* WHAT YOU NEED TO DO:
Return the whole listing unchanged. Drop the images.

##### DATA PROVIDED

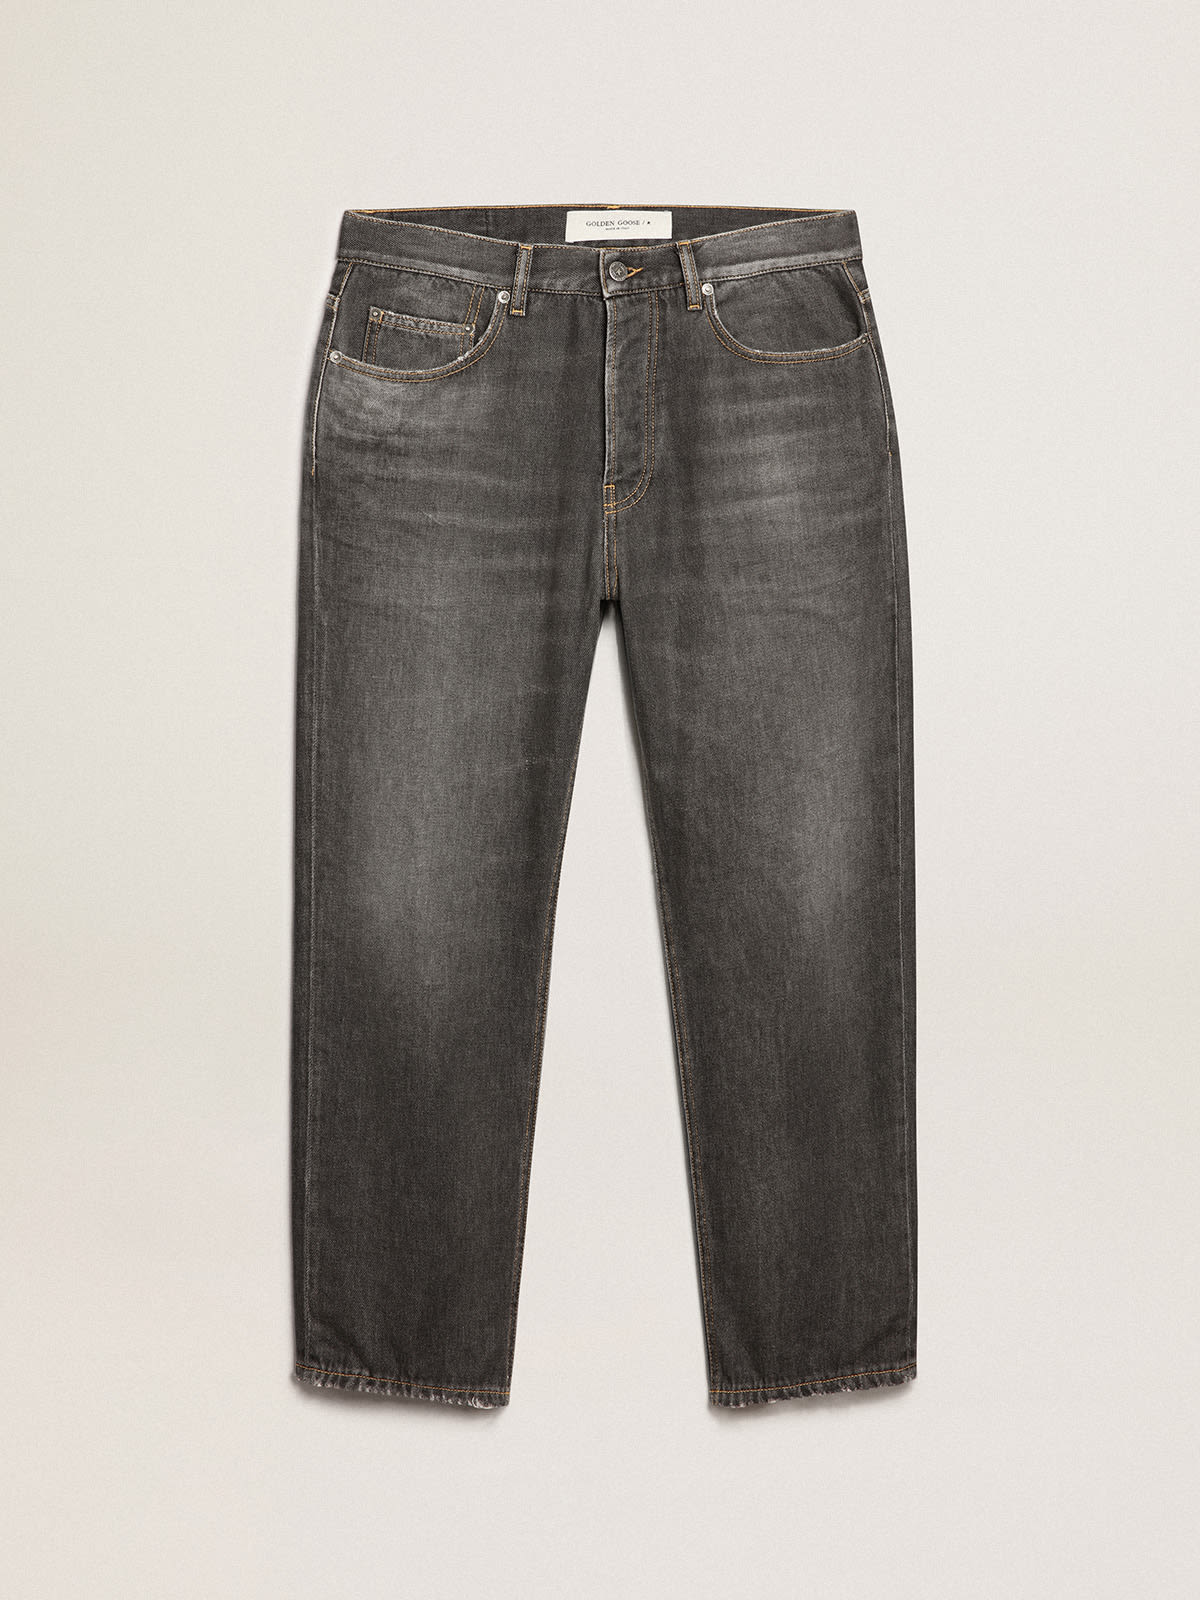 Golden Goose - Men's black jeans with stonewashed effect in 
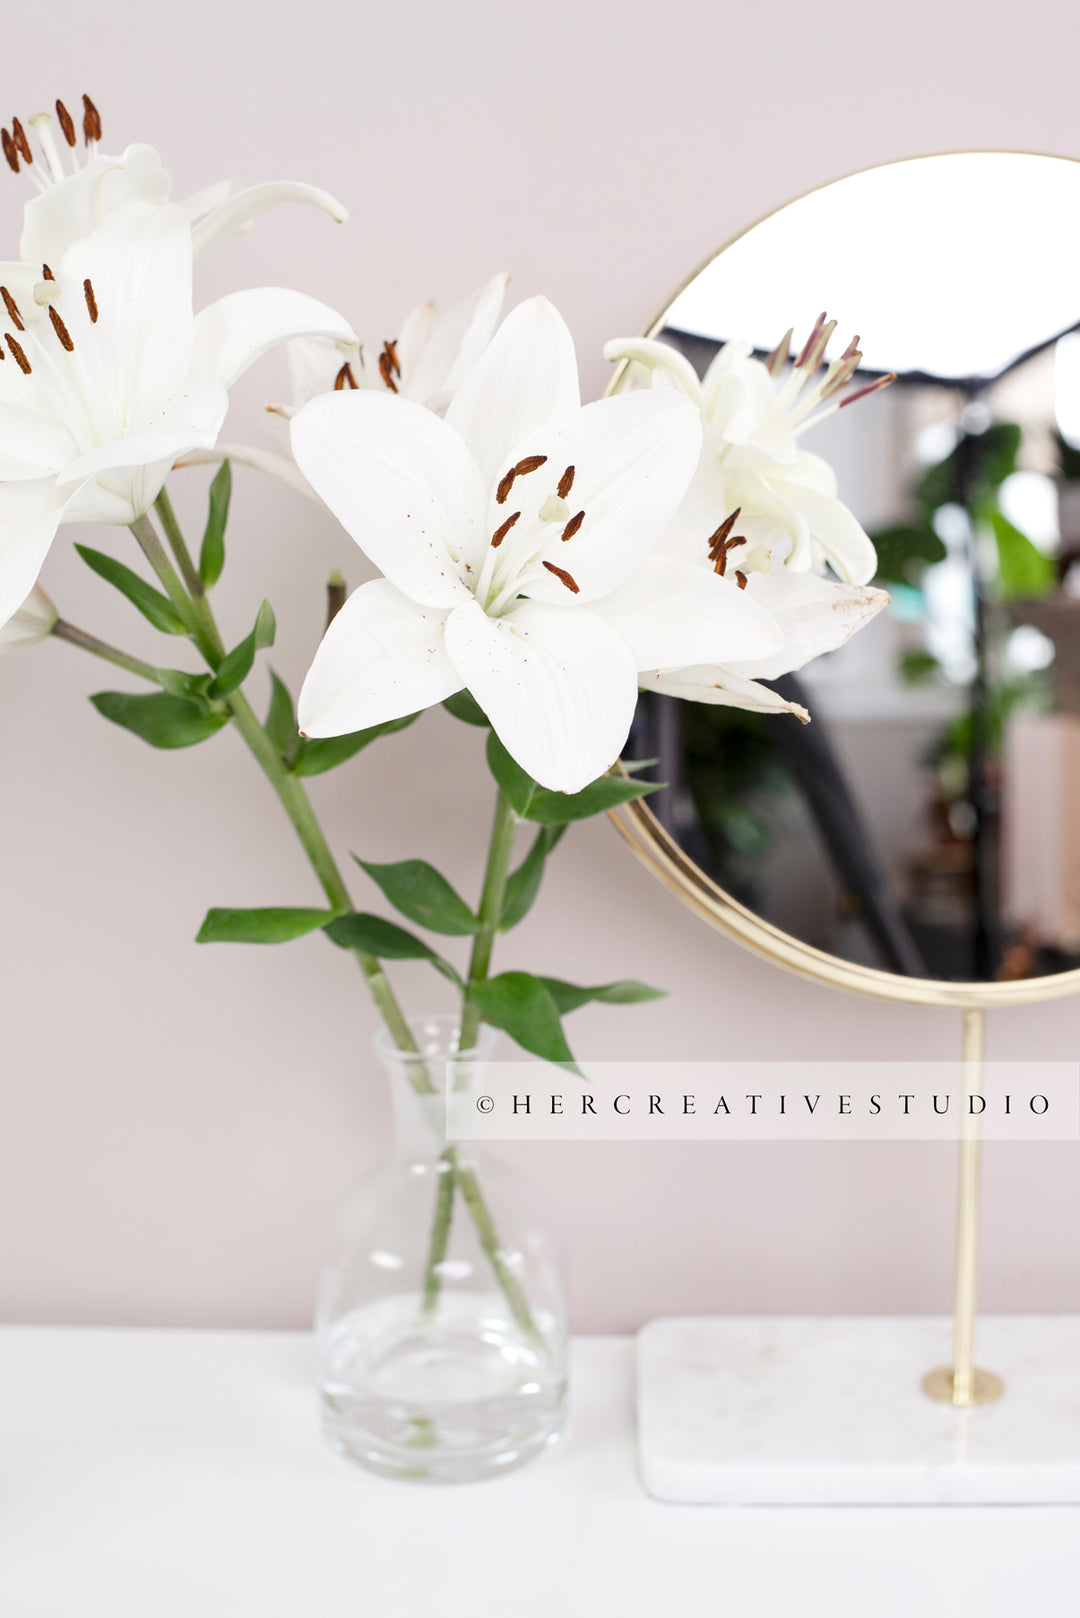 Lillies & Mirror on Table, Styled Stock
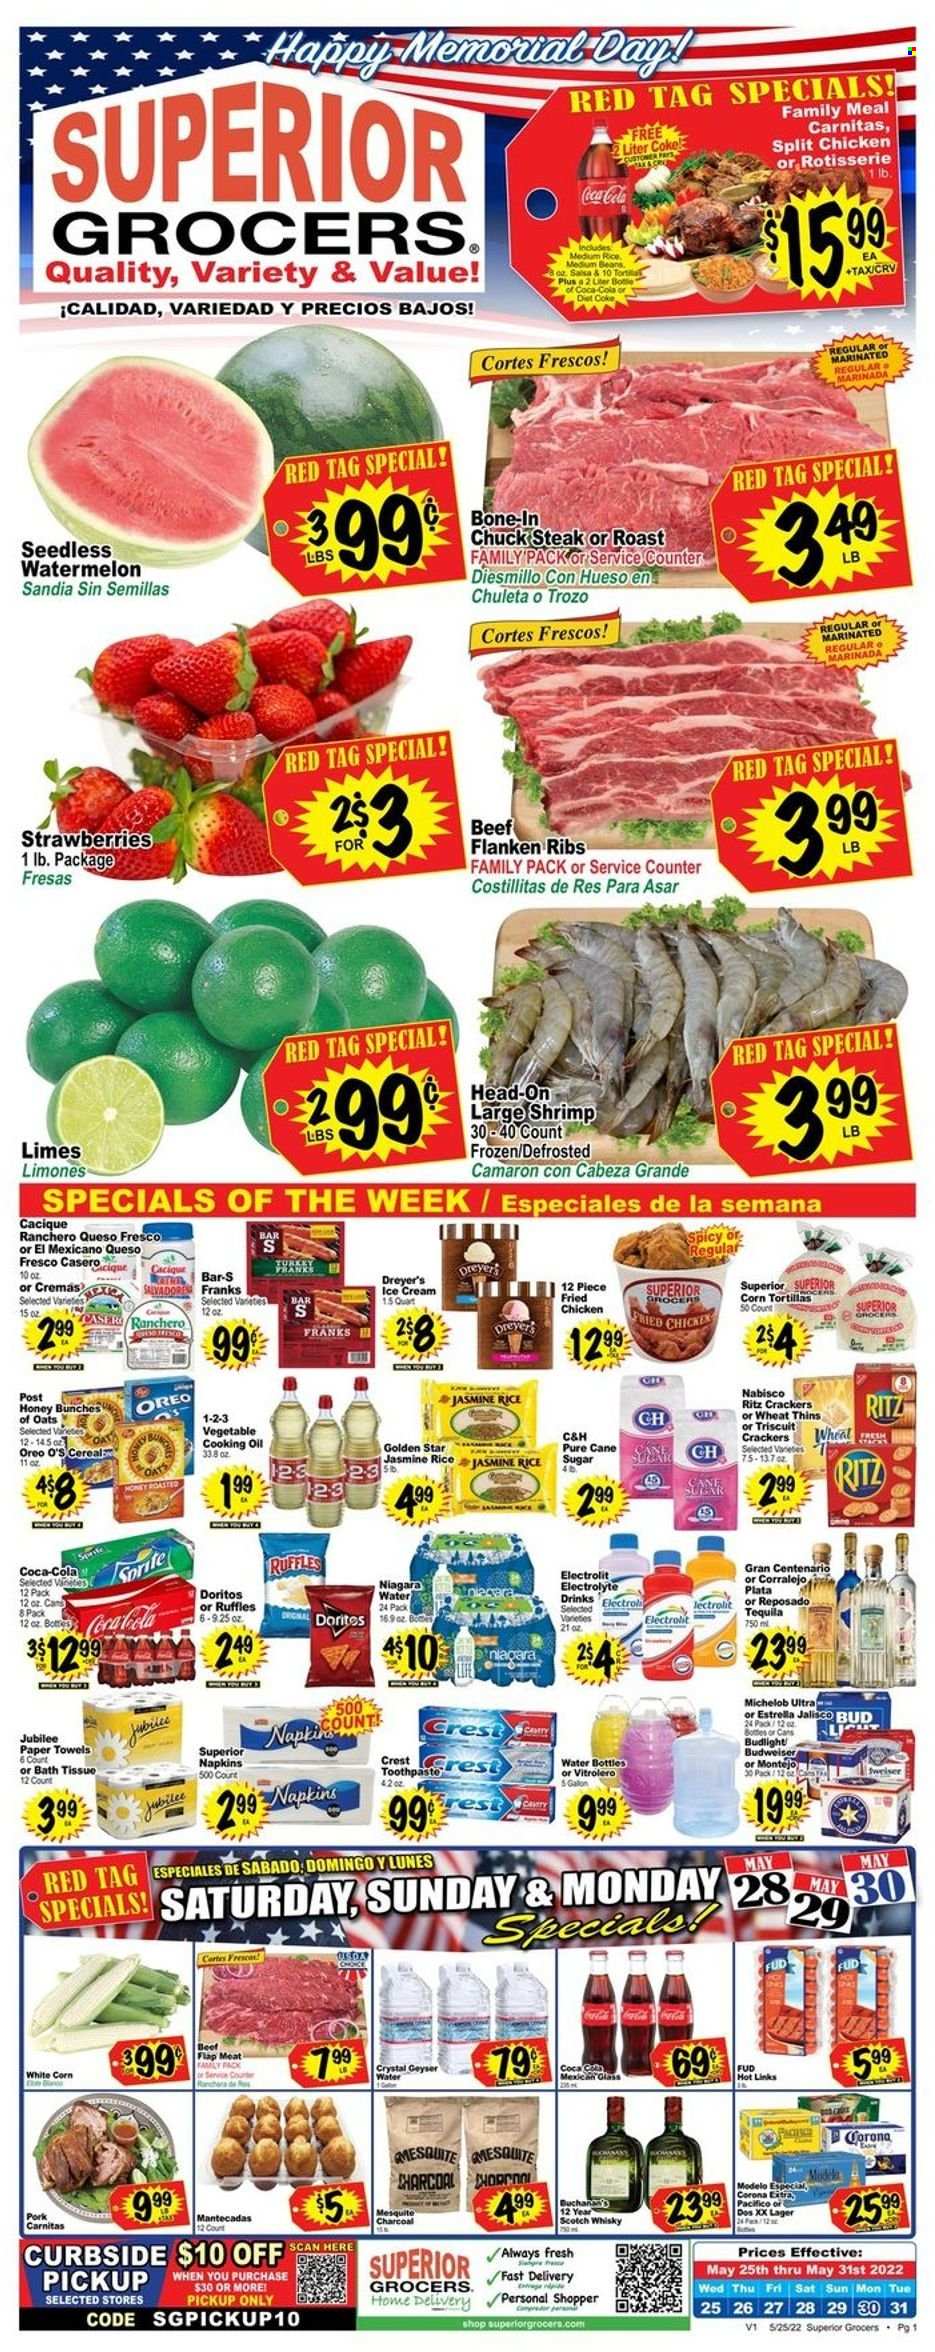 thumbnail - Superior Grocers Flyer - 05/25/2022 - 05/31/2022 - Sales products - corn tortillas, tortillas, beans, limes, strawberries, watermelon, beef meat, steak, chuck steak, shrimps, fried chicken, queso fresco, Oreo, ice cream, crackers, RITZ, Doritos, Thins, Ruffles, sugar, cereals, jasmine rice, salsa, oil, cooking oil, Coca-Cola, Sprite, Diet Coke, tequila, scotch whisky, whisky, beer, Corona Extra, Lager, Modelo, toothpaste, Crest, drink bottle, Budweiser, Michelob. Page 1.
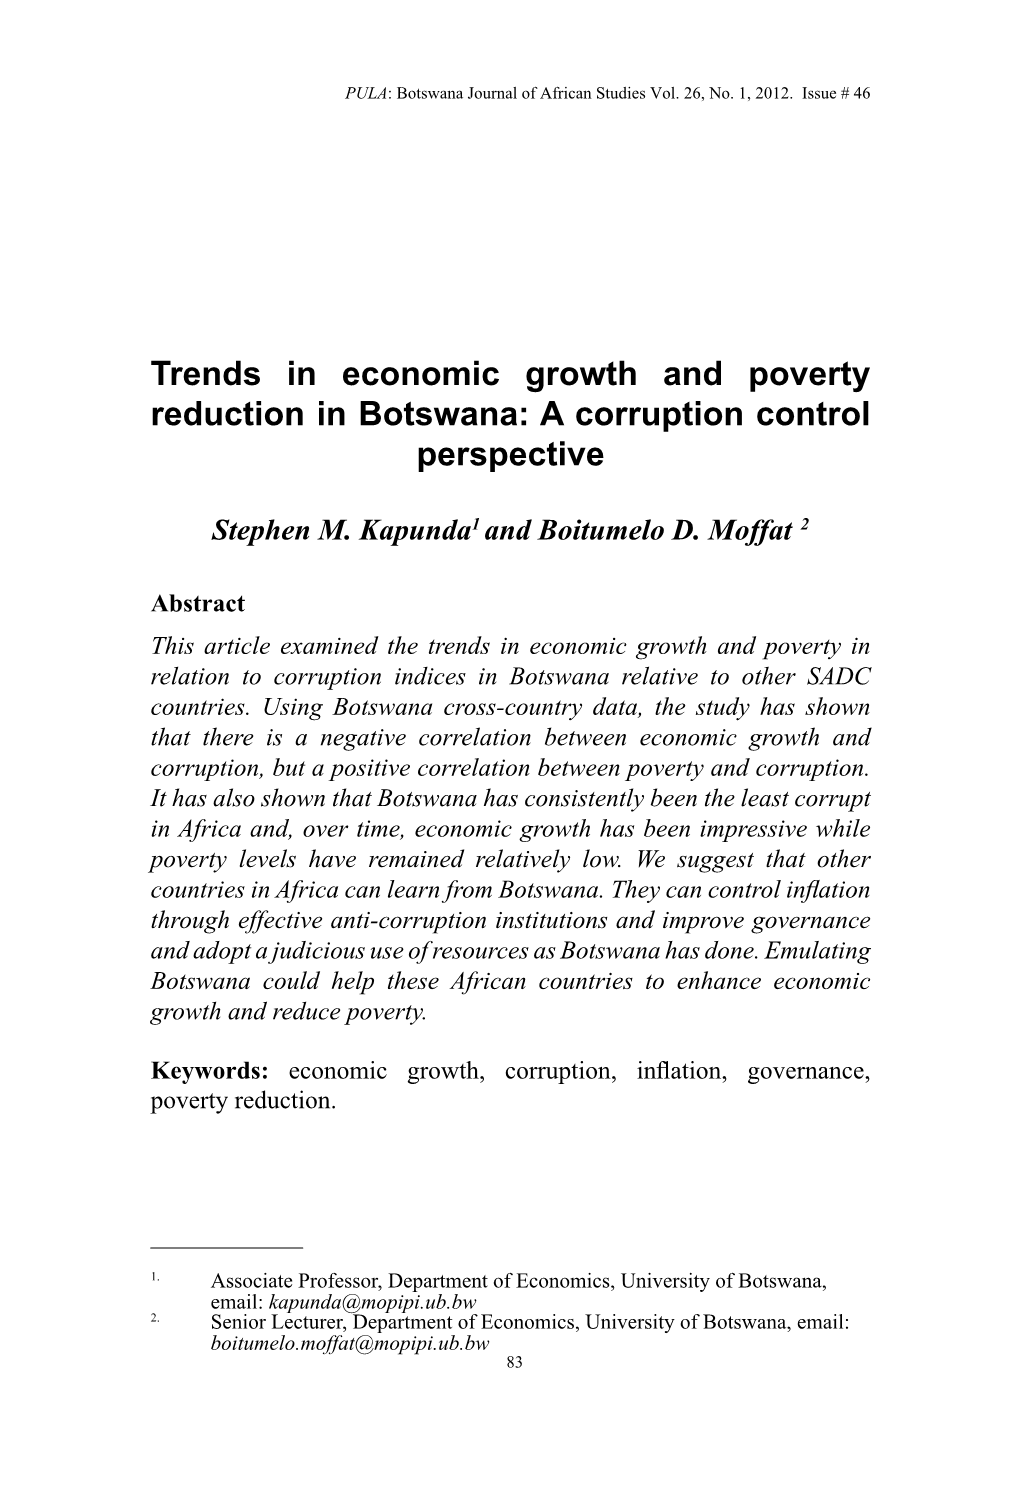 Trends in Economic Growth and Poverty Reduction in Botswana: a Corruption Control Perspective

##########

* RESPONSE:
 Golden Goose - Men's black jeans with stonewashed effect in 
 Lillies & Mirror on Table, Styled Stock
 thumbnail - Superior Grocers Flyer - 05/25/2022 - 05/31/2022 - Sales products - corn tortillas, tortillas, beans, limes, strawberries, watermelon, beef meat, steak, chuck steak, shrimps, fried chicken, queso fresco, Oreo, ice cream, crackers, RITZ, Doritos, Thins, Ruffles, sugar, cereals, jasmine rice, salsa, oil, cooking oil, Coca-Cola, Sprite, Diet Coke, tequila, scotch whisky, whisky, beer, Corona Extra, Lager, Modelo, toothpaste, Crest, drink bottle, Budweiser, Michelob. Page 1.
 Trends in Economic Growth and Poverty Reduction in Botswana: a Corruption Control Perspective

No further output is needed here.